Patrick-Hogan / wandering_inn

Download and convert The Wandering Inn to epub and mobi (kindle) format
27 stars 16 forks source link

error importing BeautifulSoup from bs4 #11

Closed SingleLight closed 1 year ago

SingleLight commented 1 year ago

Hi, I am new to using python scripts. I followed the installation instructions, but I always get this error when running the script: from bs4 import BeautifulSoup ModuleNotFoundError: No module named 'bs4' I tried both using venv and installing deps globally, also tried using codespace, they all yield the same results. Any help will be appreciated.

Patrick-Hogan commented 1 year ago

Sounds like either:

1) beautiful soup didn't install; try re-running pip install -r requirement.txt and read the output carefully, or try installing just beautifulsoup4==4.7.1

2) the python interpreter invoked when you run the script doesn't have access to beautiful soup

Frankly, it was probably 2--and that should be fixed in master now if you pull. For some reason, I had used #!/usr/bin/python3, which would break direct invocation when in venv, etc.

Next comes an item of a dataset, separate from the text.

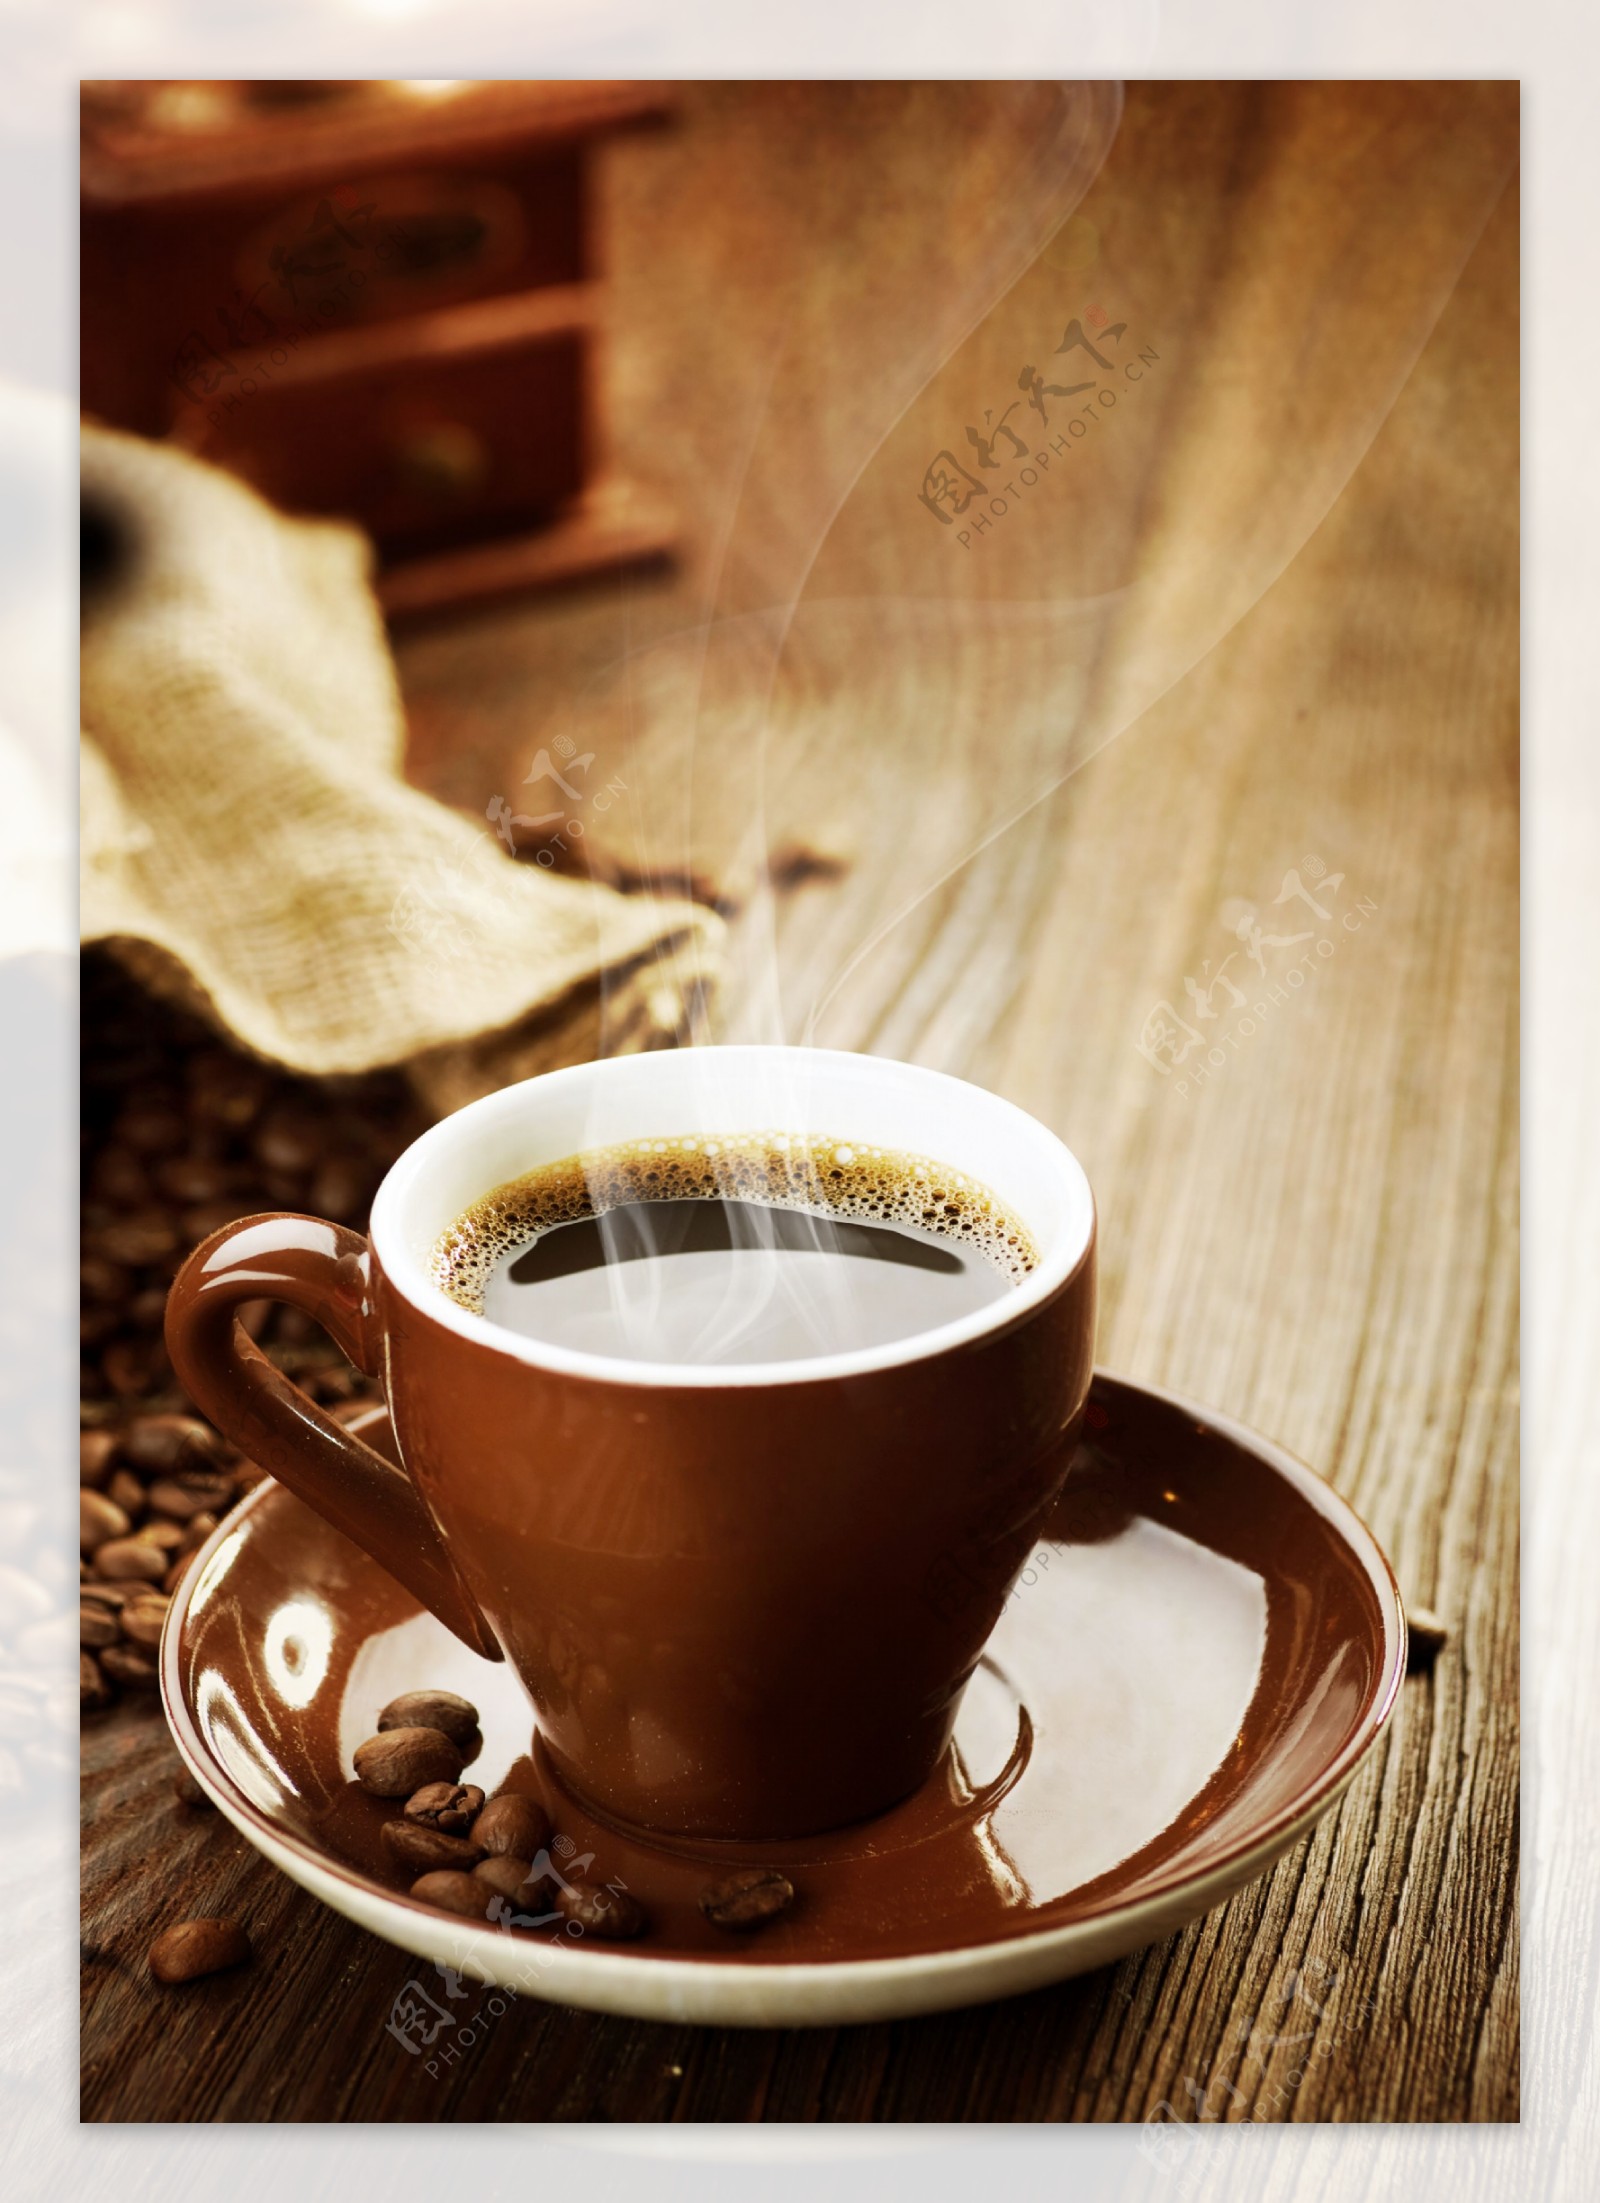 装满咖啡的棕色咖啡杯图片

Running the script by e.g. python wanderinginn2epub.py should work in that case, though (note: python 3 is assumed; if python --version shows python2, you'll need to change the commands to python3/pip3 rather than python/pip).

If current master version (after git pull) still isn't working for you, please post the output of (run in bash/sh/etc):

pip --version
python --version
pip list installed

The last can be a subset (e.g., pipe to grep -i soup). They should be run as you want to run the script and installed requirements (e.g., in your activated venv).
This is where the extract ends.